WHAT YOU ARE ASKED TO DO: Please copy exactly the part of the records below that opens with the line containing "A bowl of peach" and closes with the line containing "Lettera 22 portable", leaving out any pictures.

SUPPLIED RECORDS:
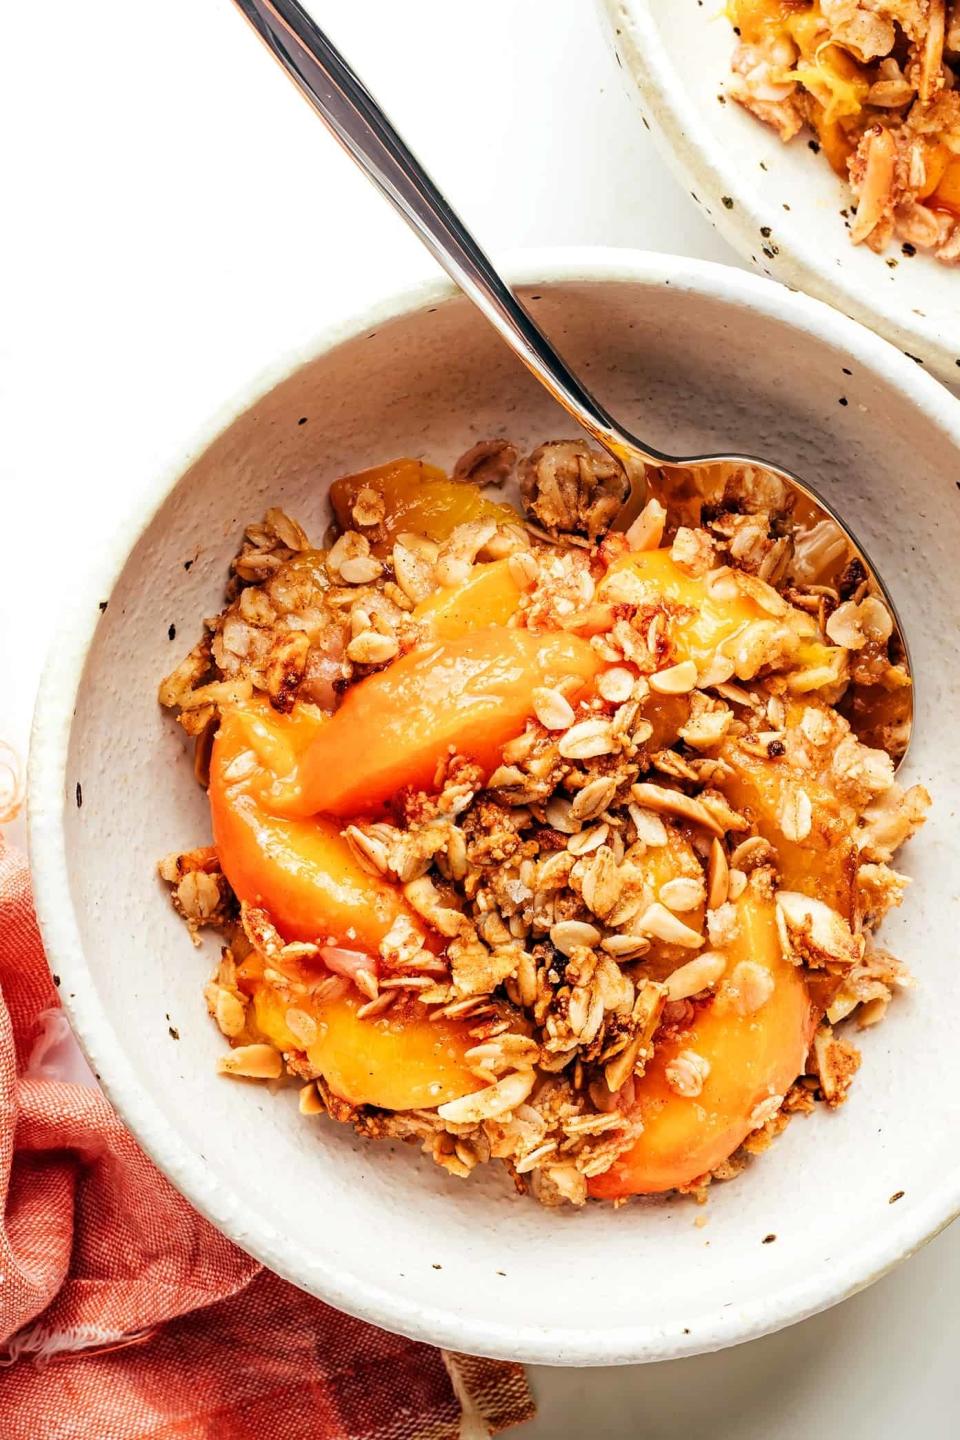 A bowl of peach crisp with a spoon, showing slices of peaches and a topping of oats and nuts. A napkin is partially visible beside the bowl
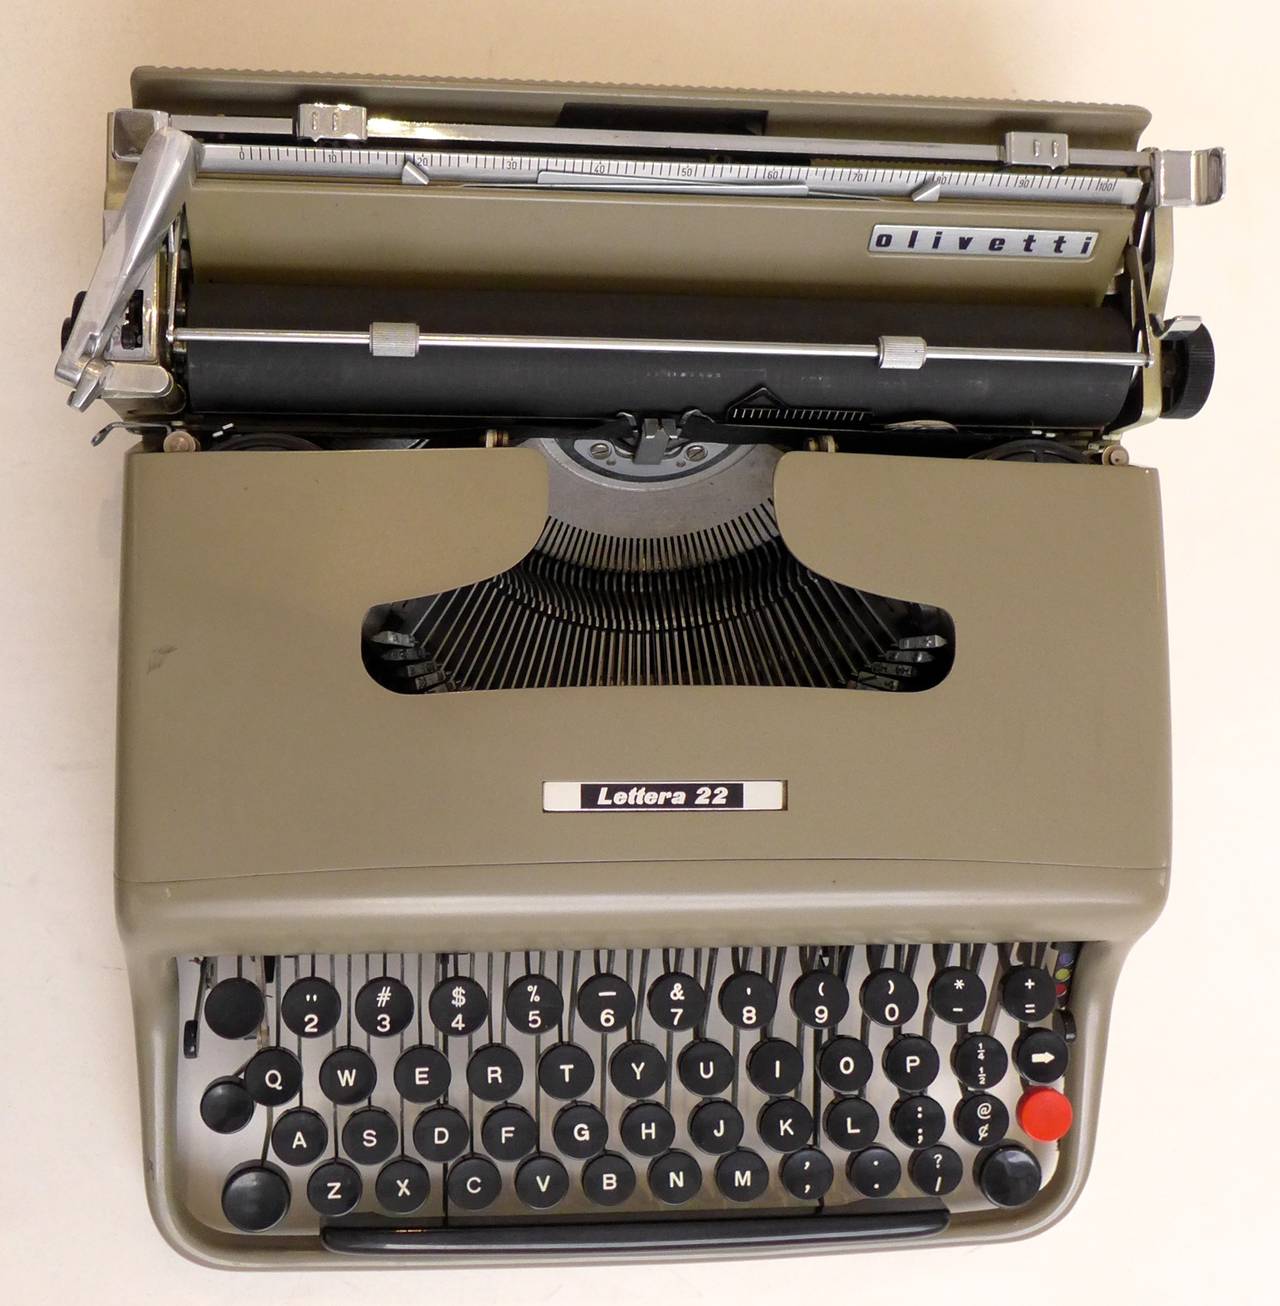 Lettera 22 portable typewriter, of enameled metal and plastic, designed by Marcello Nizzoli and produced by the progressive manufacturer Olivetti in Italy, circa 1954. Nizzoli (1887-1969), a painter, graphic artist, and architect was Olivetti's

==

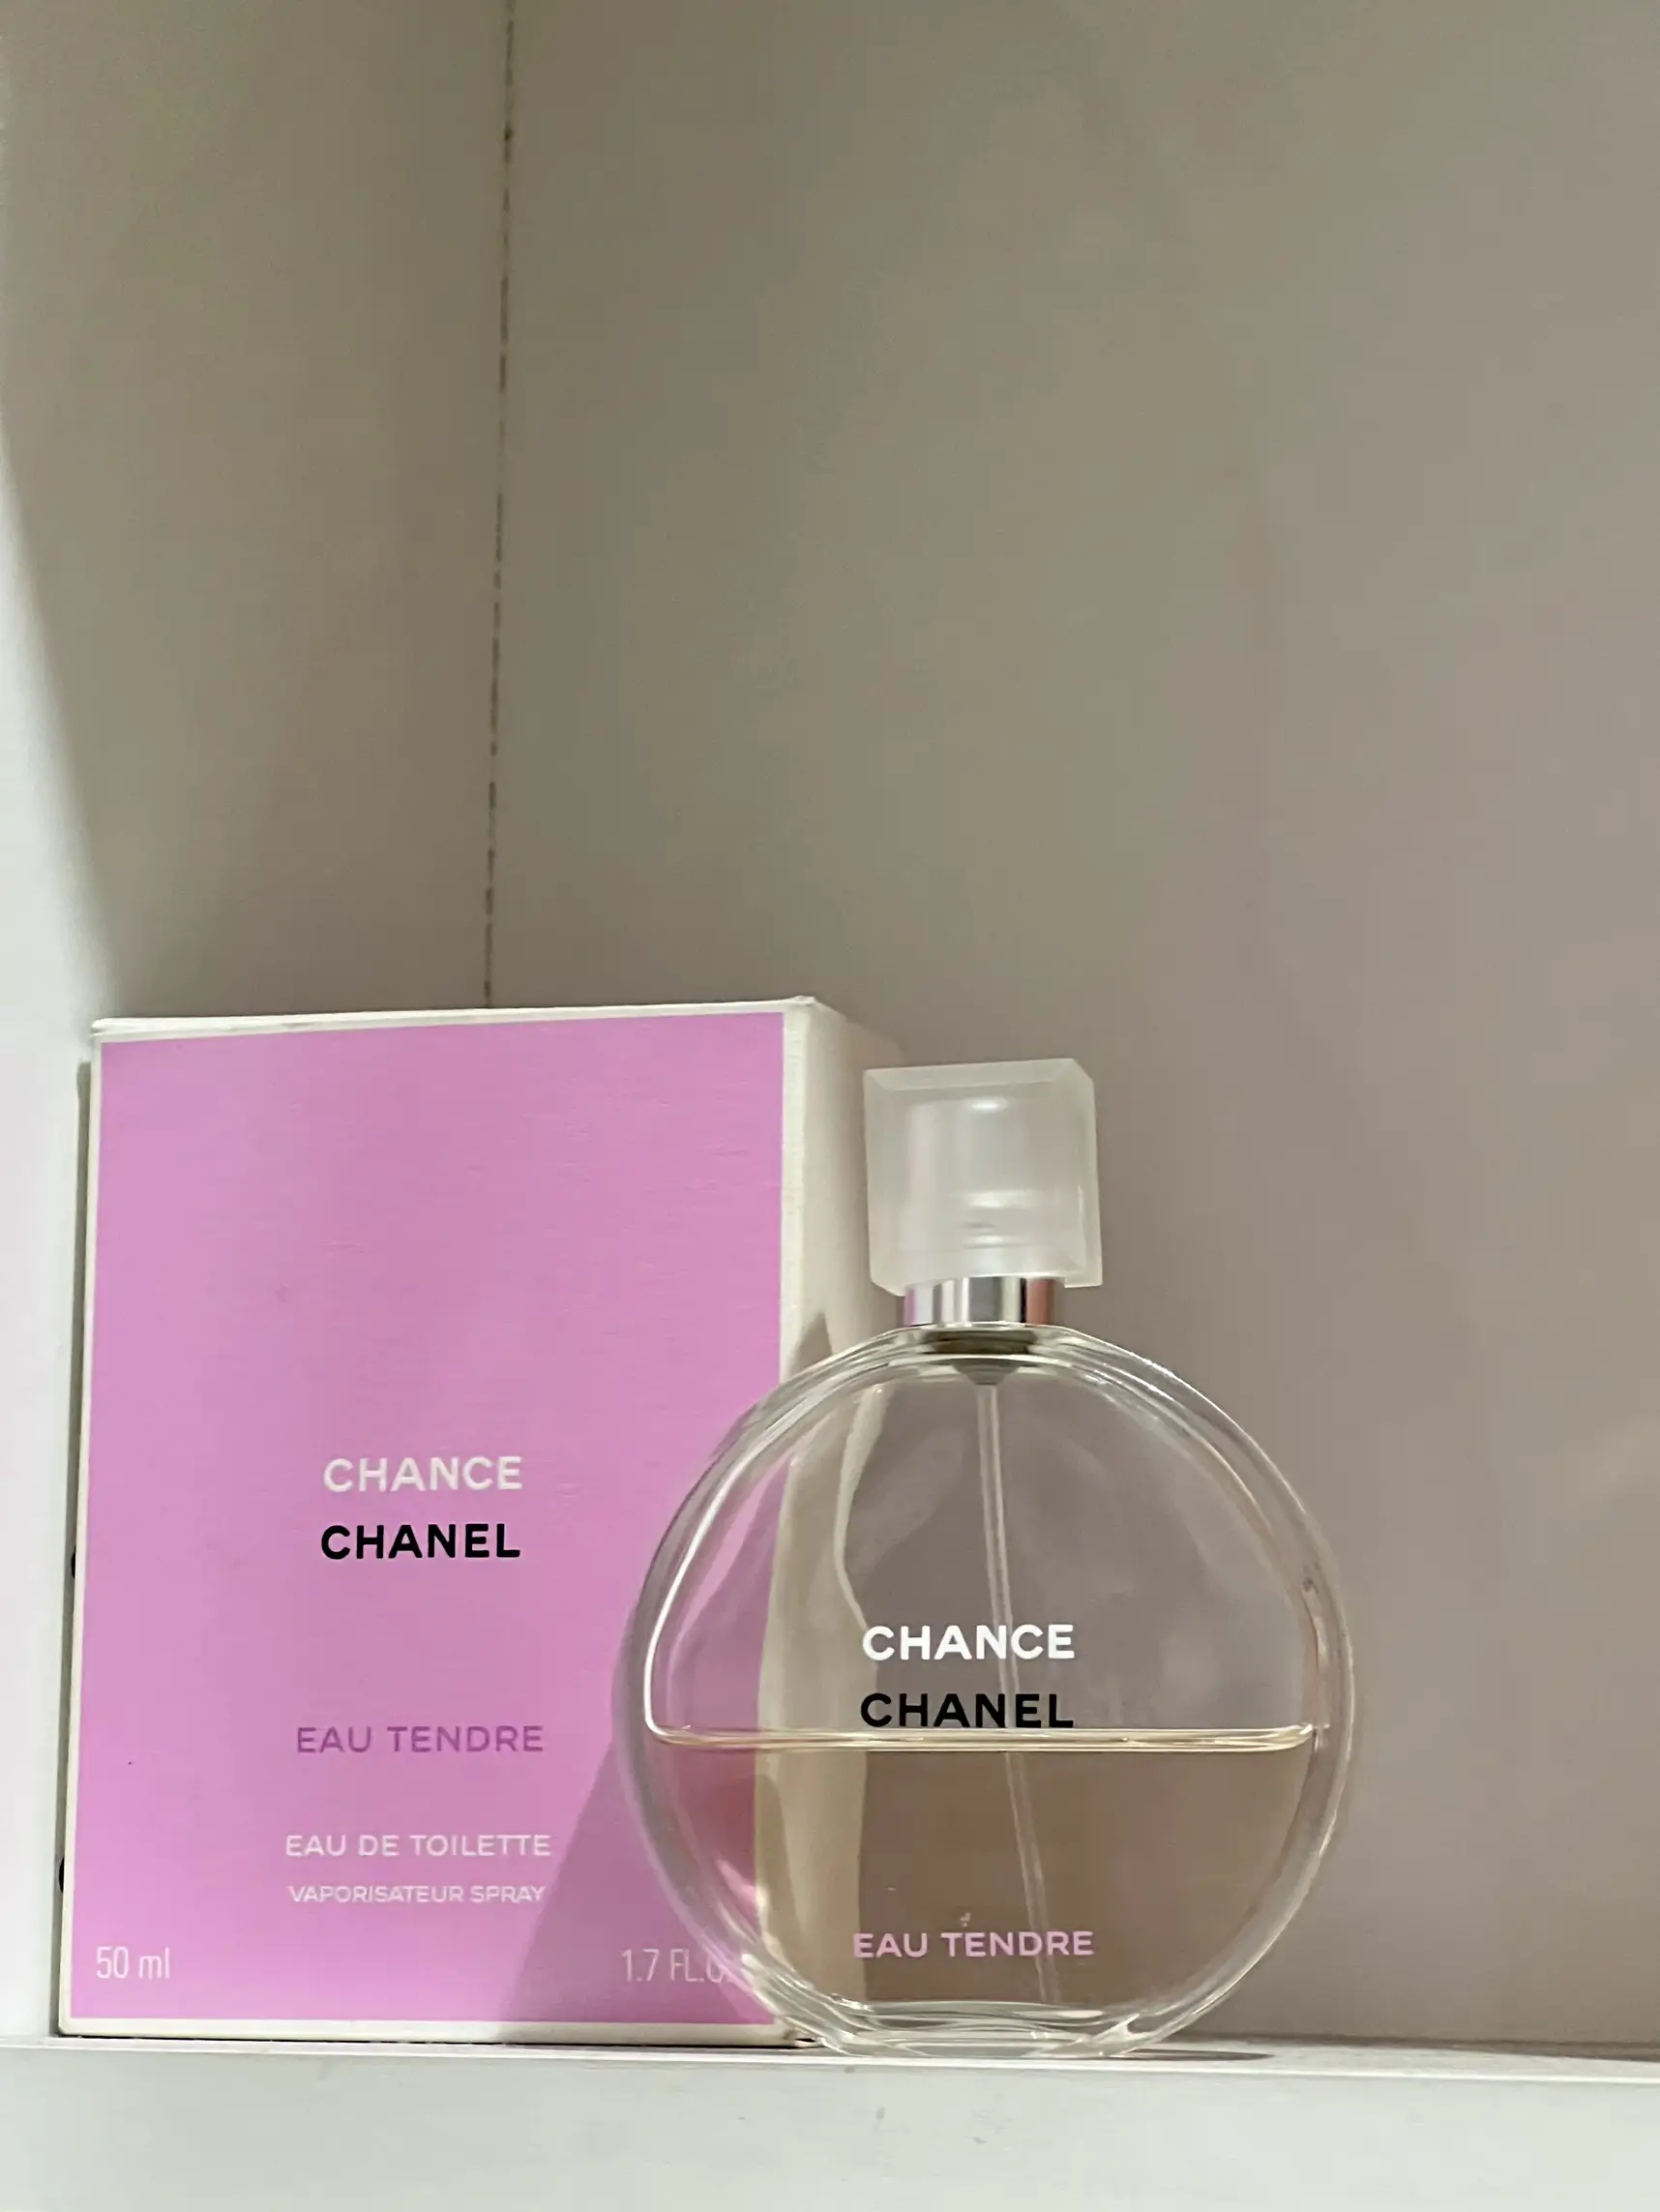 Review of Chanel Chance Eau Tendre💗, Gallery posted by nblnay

---

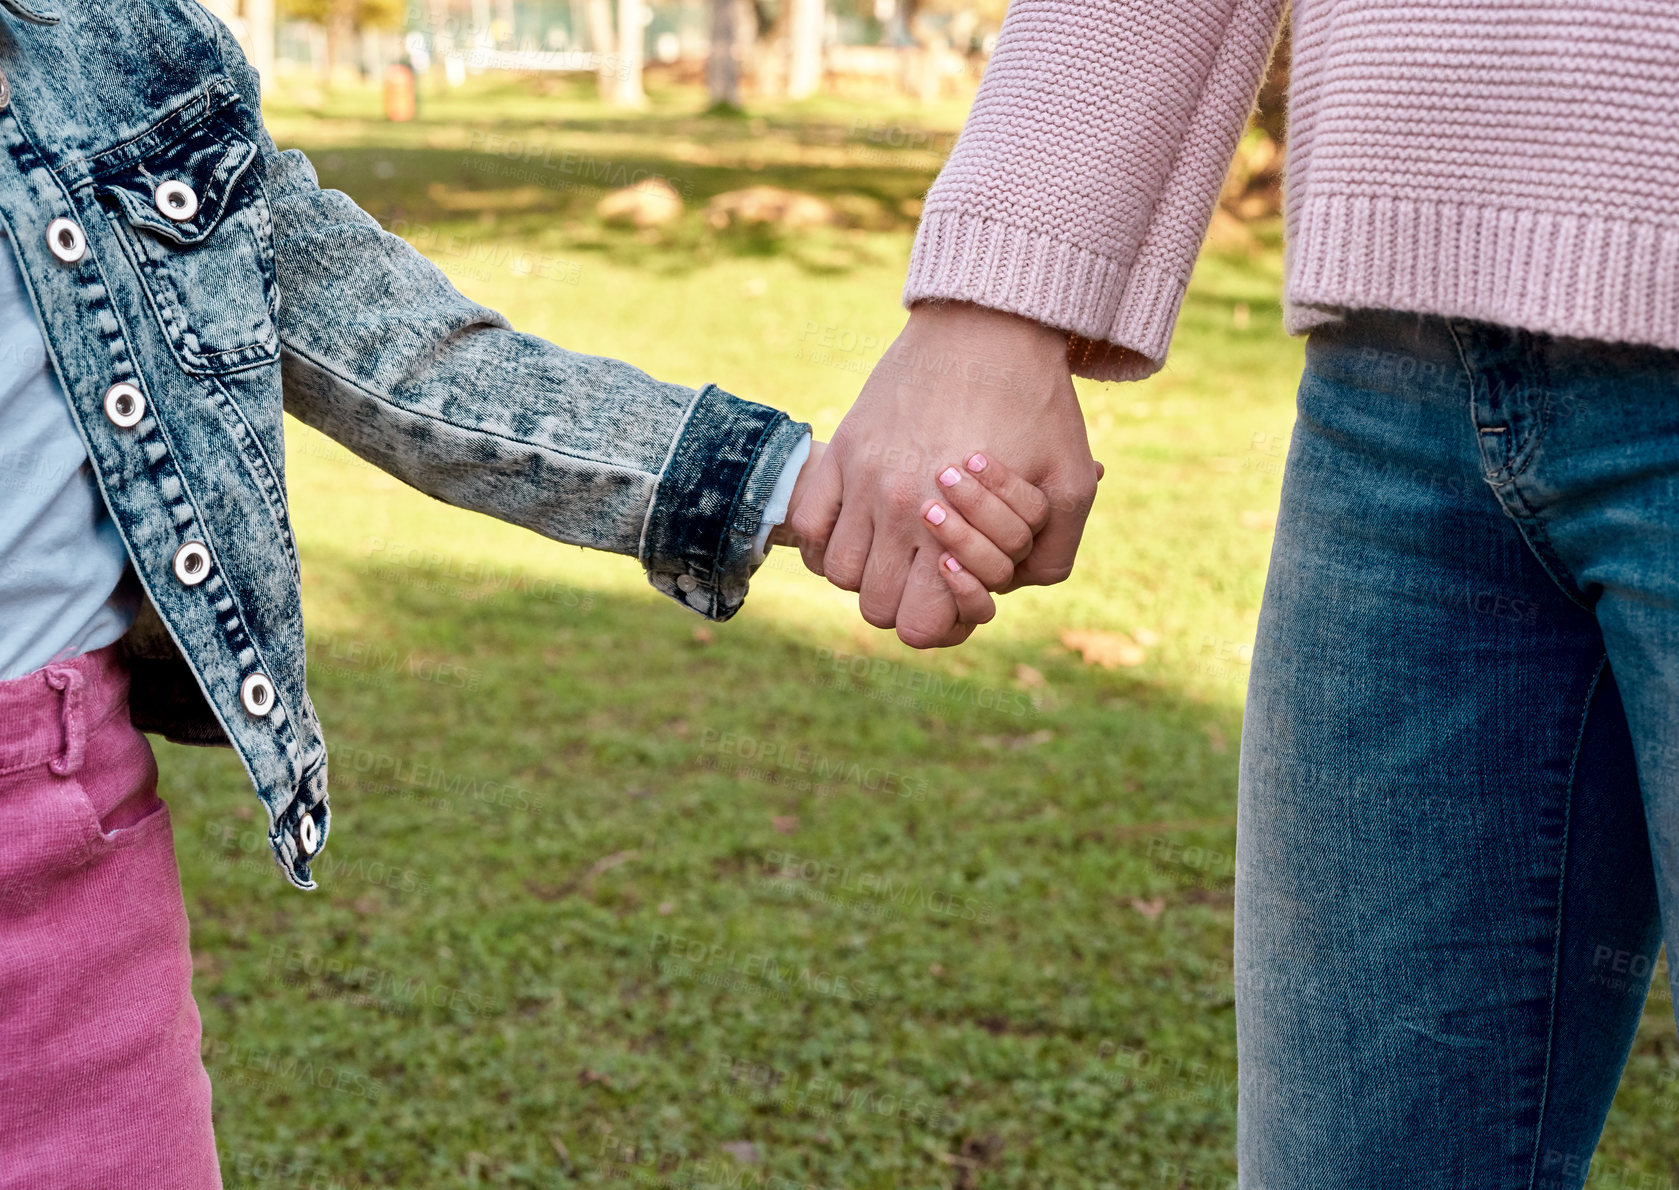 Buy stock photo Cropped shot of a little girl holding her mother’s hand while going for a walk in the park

RESPONSE TO THE EXERCISE:
 A bowl of peach crisp with a spoon, showing slices of peaches and a topping of oats and nuts. A napkin is partially visible beside the bowl
 Lettera 22 portable typewriter, of enameled metal and plastic, designed by Marcello Nizzoli and produced by the progressive manufacturer Olivetti in Italy, circa 1954. Nizzoli (1887-1969), a painter, graphic artist, and architect was Olivetti's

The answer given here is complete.